[Python-Dev] PEP 550 v4

Sat Aug 26 02:34:29 EDT 2017

On Fri, Aug 25, 2017 at 3:32 PM, Yury Selivanov <yselivanov.ml at gmail.com> wrote:
> Coroutines and Asynchronous Tasks
> ---------------------------------
>
> In coroutines, like in generators, context variable changes are local
> and are not visible to the caller::
>
>     import asyncio
>
>     var = new_context_var()
>
>     async def sub():
>         assert var.lookup() == 'main'
>         var.set('sub')
>         assert var.lookup() == 'sub'
>
>     async def main():
>         var.set('main')
>         await sub()
>         assert var.lookup() == 'main'
>
>     loop = asyncio.get_event_loop()
>     loop.run_until_complete(main())

I think this change is a bad idea. I think that generally, an async
call like 'await async_sub()' should have the equivalent semantics to
a synchronous call like 'sync_sub()', except for the part where the
former is able to contain yields. Giving every coroutine an LC breaks
that equivalence. It also makes it so in async code, you can't
necessarily refactor by moving code in and out of subroutines. Like,
if we inline 'sub' into 'main', that shouldn't change the semantics,
but...

async def main():
    var.set('main')
    # inlined copy of sub()
    assert var.lookup() == 'main'
    var.set('sub')
    assert var.lookup() == 'sub'
    # end of inlined copy
    assert var.lookup() == 'main'   # fails

It also adds non-trivial overhead, because now lookup() is O(depth of
async callstack), instead of O(depth of (async) generator nesting),
which is generally much smaller.

I think I see the motivation: you want to make

   await sub()

and

   await ensure_future(sub())

have the same semantics, right? And the latter has to create a Task
and split it off into a new execution context, so you want the former
to do so as well? But to me this is like saying that we want

   sync_sub()

and

   thread_pool_executor.submit(sync_sub).result()
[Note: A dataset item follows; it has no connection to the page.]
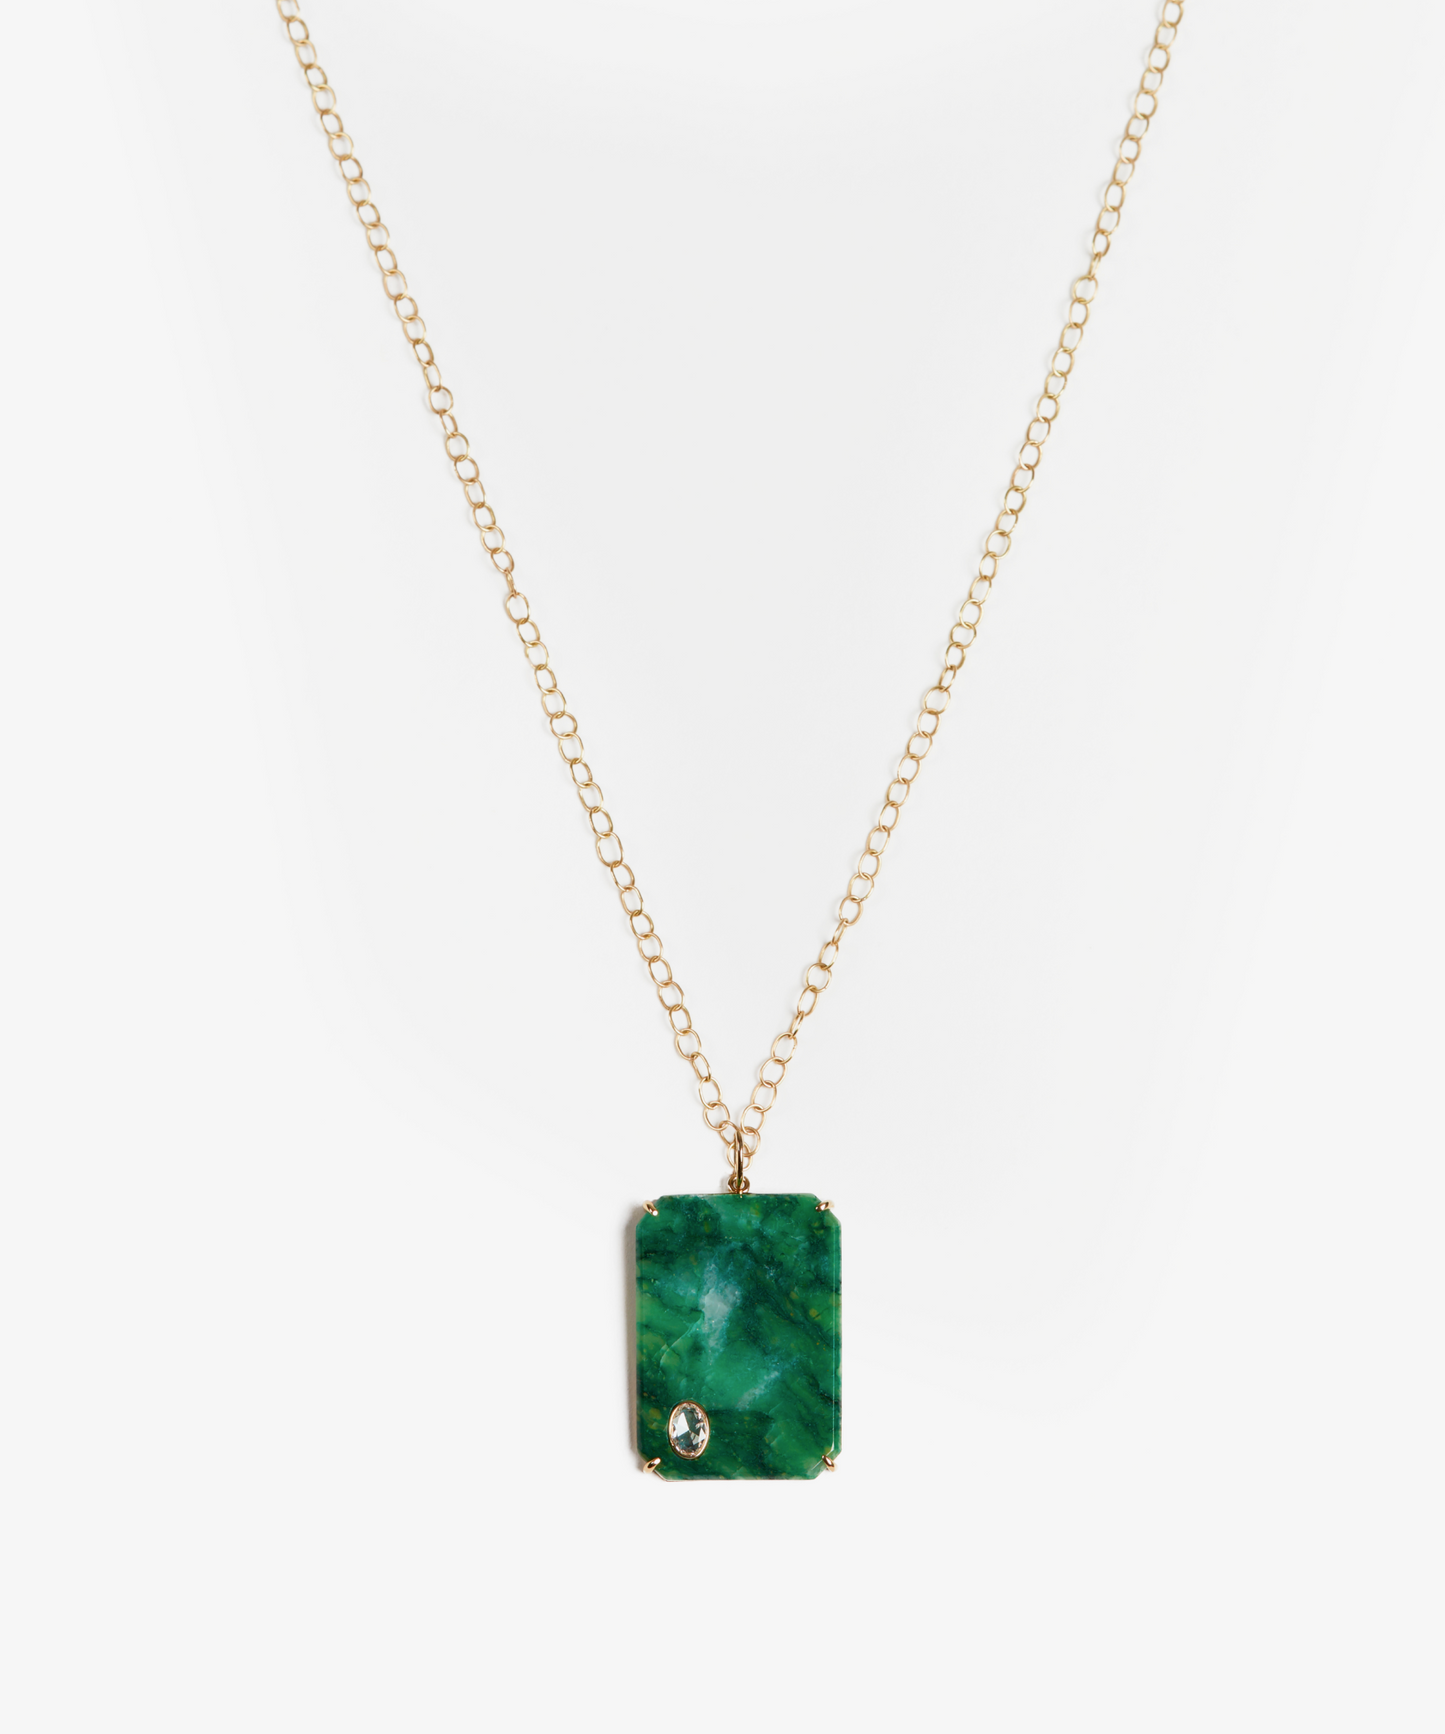 Brazilian Jade and Diamond Pendant on Link Chain

to have the same semantics: they mostly do, but sync_sub() access
thread-locals then they won't. Oh well. That's perhaps a but
unfortunate, but it doesn't mean we should give every synchronous
frame its own thread-locals.

(And fwiw I'm still not convinced we should give up on 'yield from' as
a mechanism for refactoring generators.)

> To establish the full semantics of execution context in couroutines,
> we must also consider *tasks*.  A task is the abstraction used by
> *asyncio*, and other similar libraries, to manage the concurrent
> execution of coroutines.  In the example above, a task is created
> implicitly by the ``run_until_complete()`` function.
> ``asyncio.wait_for()`` is another example of implicit task creation::
>
>     async def sub():
>         await asyncio.sleep(1)
>         assert var.lookup() == 'main'
>
>     async def main():
>         var.set('main')
>
>         # waiting for sub() directly
>         await sub()
>
>         # waiting for sub() with a timeout
>         await asyncio.wait_for(sub(), timeout=2)
>
>         var.set('main changed')
>
> Intuitively, we expect the assertion in ``sub()`` to hold true in both
> invocations, even though the ``wait_for()`` implementation actually
> spawns a task, which runs ``sub()`` concurrently with ``main()``.

I found this example confusing -- you talk about sub() and main()
running concurrently, but ``wait_for`` blocks main() until sub() has
finished running, right? Is this just supposed to show that there
should be some sort of inheritance across tasks, and then the next
example is to show that it has to be a copy rather than sharing the
actual object? (This is just a issue of phrasing/readability.)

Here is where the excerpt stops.